Ann: That is weird. Maybe he’s a little OCD.

Liz: Don’t I look capable of operating a remote?

Professor hits the remote again and the girls freeze. He is flustered and trying hard to compose himself.

Prof: I AM NOT! That’s what remotes are for, ease of use when changing channels. And there is nothing wrong with sports. It’s healthy competition. It’s survival of the fittest. It’s what separates us from the animals. And while we’re at it, why is a female’s refrigerator filled with low fat diet food? Tofu, yogurt, non-fat mayonnaise… What is the point of living longer if you are forced to live on soybean substitutes and diet coke? (remembering his notes) At this point in my research, I’m not even sure that men and women can co-exist peacefully for more than a few hours at a time. And, perhaps, the richest source of data…

He presses the remote.

Ann: So, why are you still with him?

Liz: Oh, I don’t know… He did the funniest thing the other day.

Ann: What’s that?

Liz: He moved my car for me after we unloaded the groceries. We were out of yogurt. Anyway, he came in with this really concerned look on his face and said… Muffin.

Ann: He calls you, Muffin?

Liz: Only when no one’s around. He said, “Muffin, how long has the check engine light been on in your car?”

Ann: Well, that’s romantic.

Liz: It gets better. He proceeded to explain that when the oil light comes on you must stop the car immediately …

The Professor composes himself enough to hit the remote, pausing them mid thought.

Prof: You would think this sort of thing would be common knowledge! If you take care of your car, it’ll take care of you. And do you know what she said to me? “That’s what you’re here for!” Like I’m her personal auto-mechanic. In conclusion, while our findings aren’t complete, I’m fairly confident that ultimately we will discover that female conversations are undecipherable. Period.

He’s made his point and while shuffling his papers, he bumps or drops the remote to the floor. The girls come to life.

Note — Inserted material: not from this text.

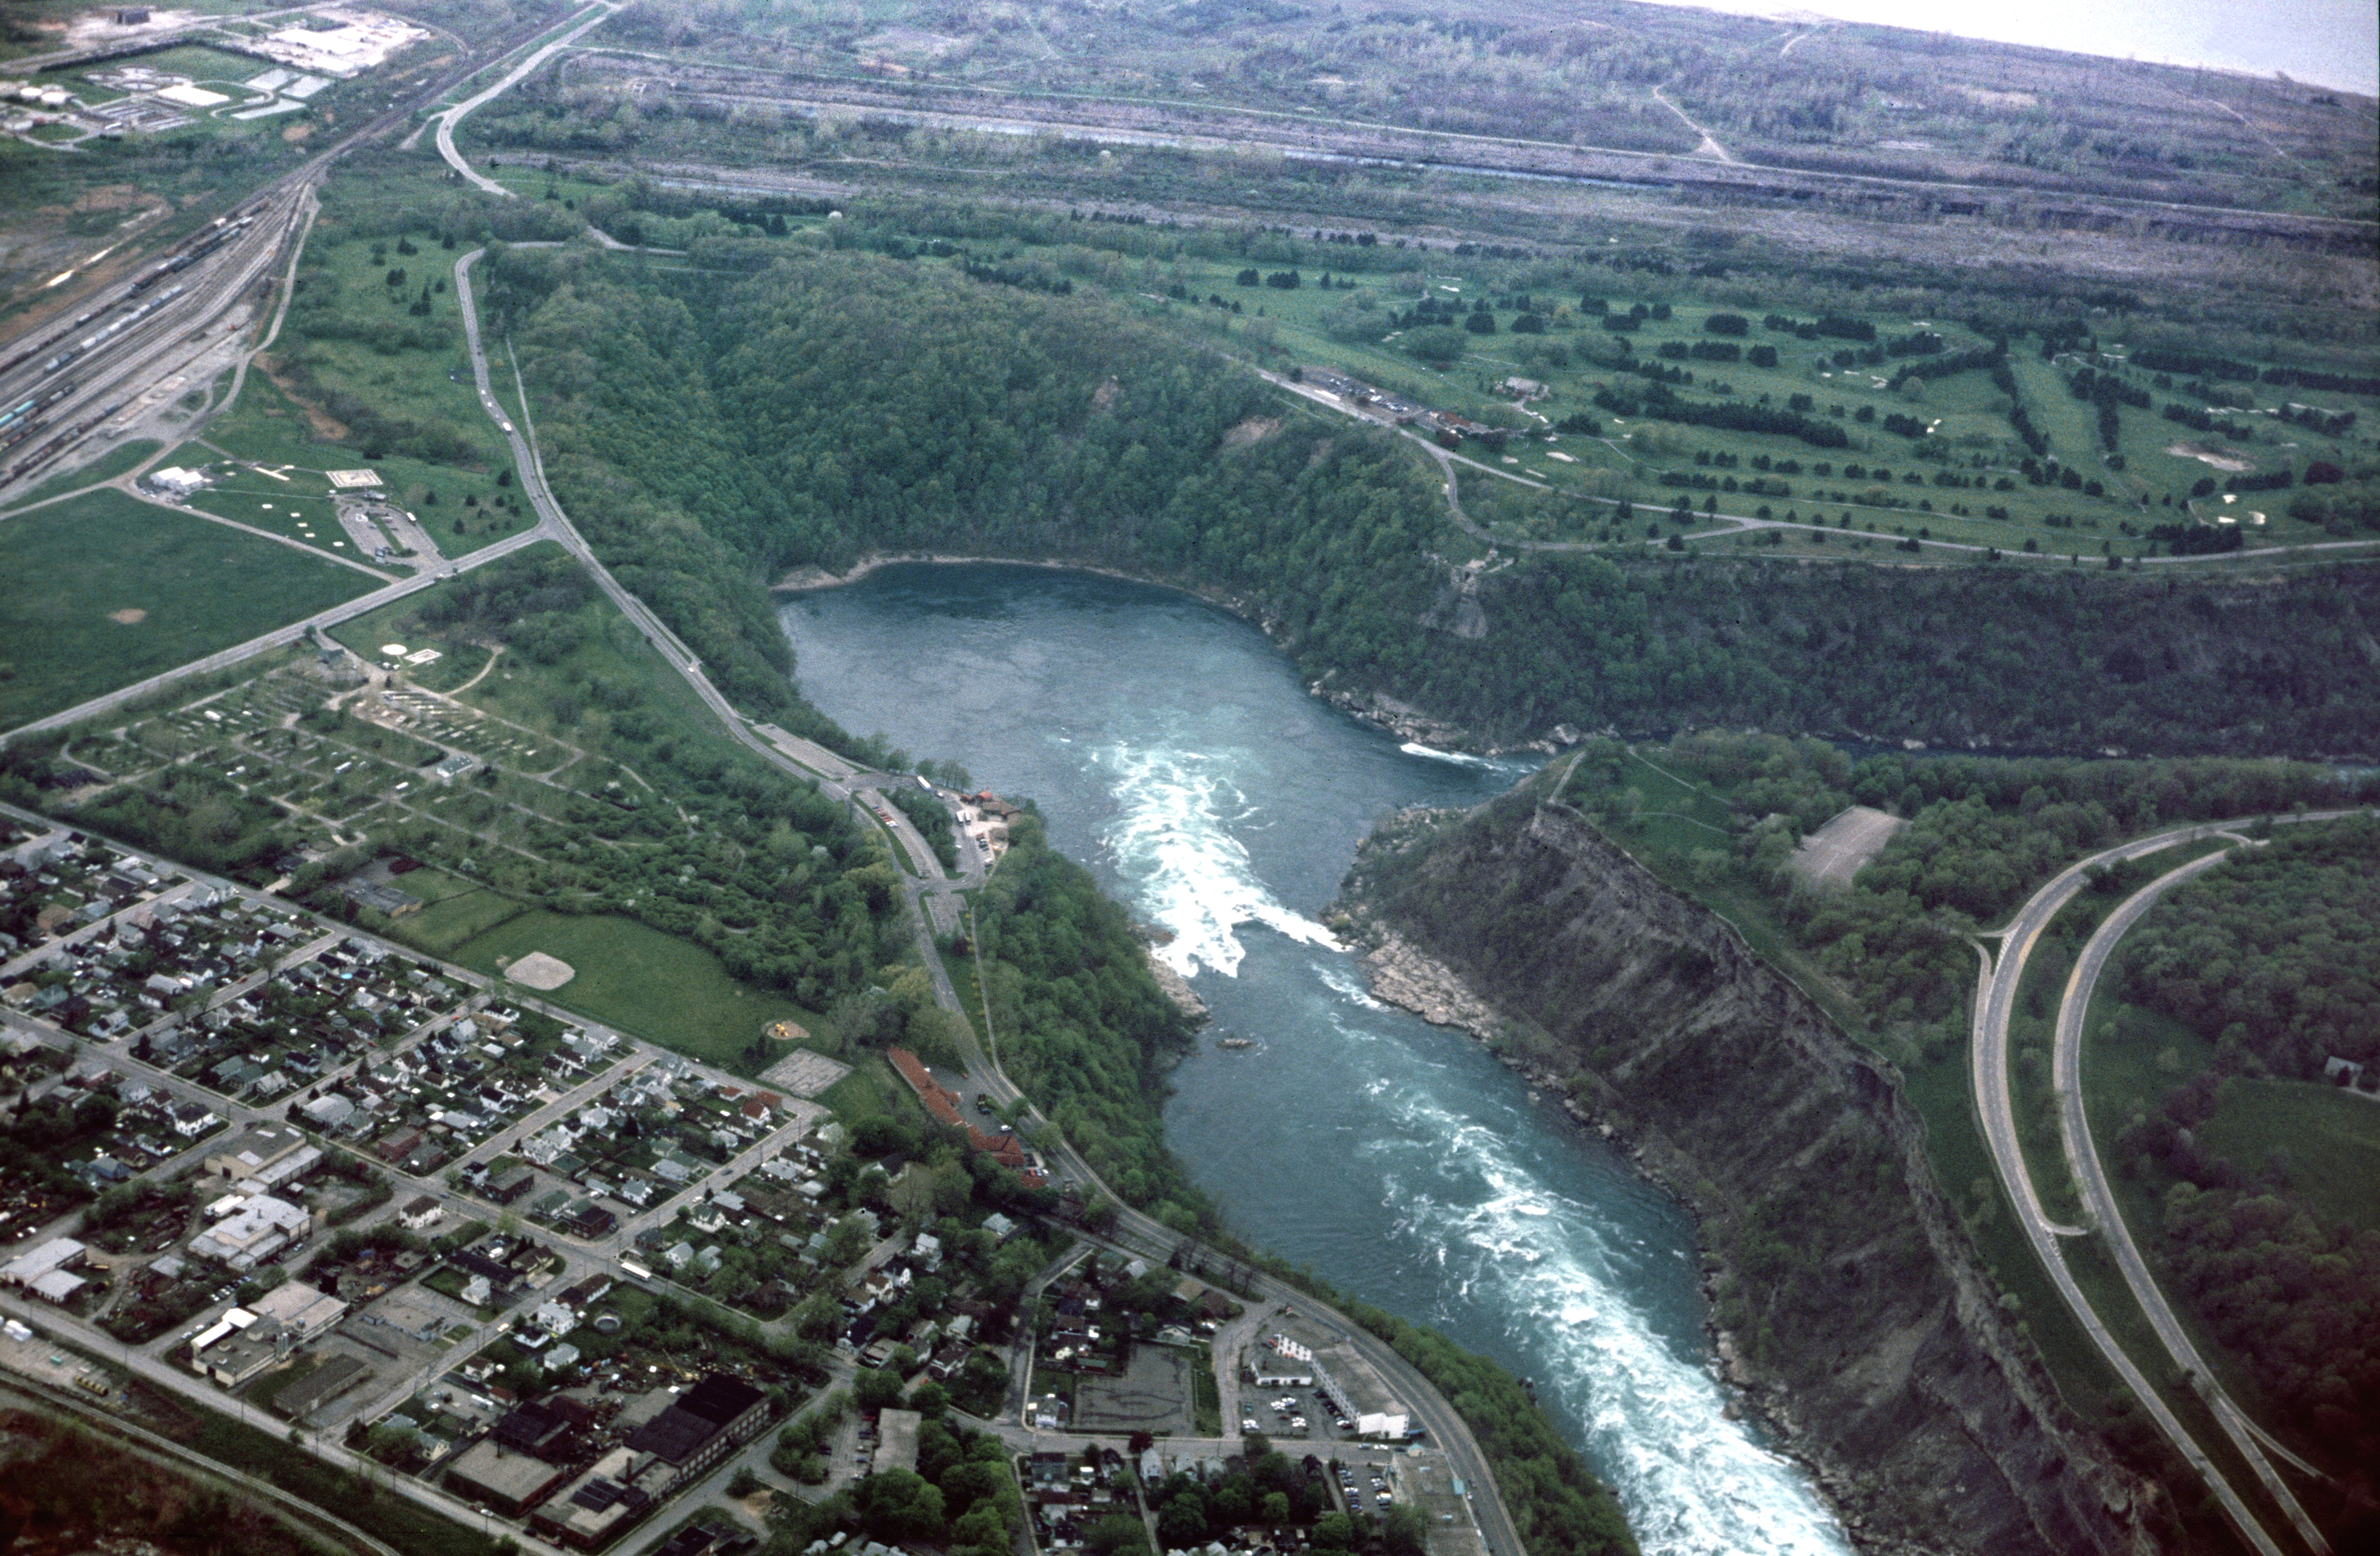 File:Niagara Falls Whirlpool aerial view.jpg - Wikimedia Commons

Liz: But then, the next day, he gave my car a complete check-up and washed it. It was so sweet of him. He doesn’t know it yet, but Thursday night I’m going to make him Pepperoni Calzones, his favorite, and watch a Mythbusters marathon with him. It’s so cute. He loves explaining the science to me. He’s a really, really smart guy.

Ann: Aww…

Prof stops the projector. He’s had an epiphany.

Prof: (Out loud but to himself) She totally gets me! (Then, realizing the audience is still there.) Perhaps, we will have to re-evaluate our data. I think there may be a few factors I have yet to consider.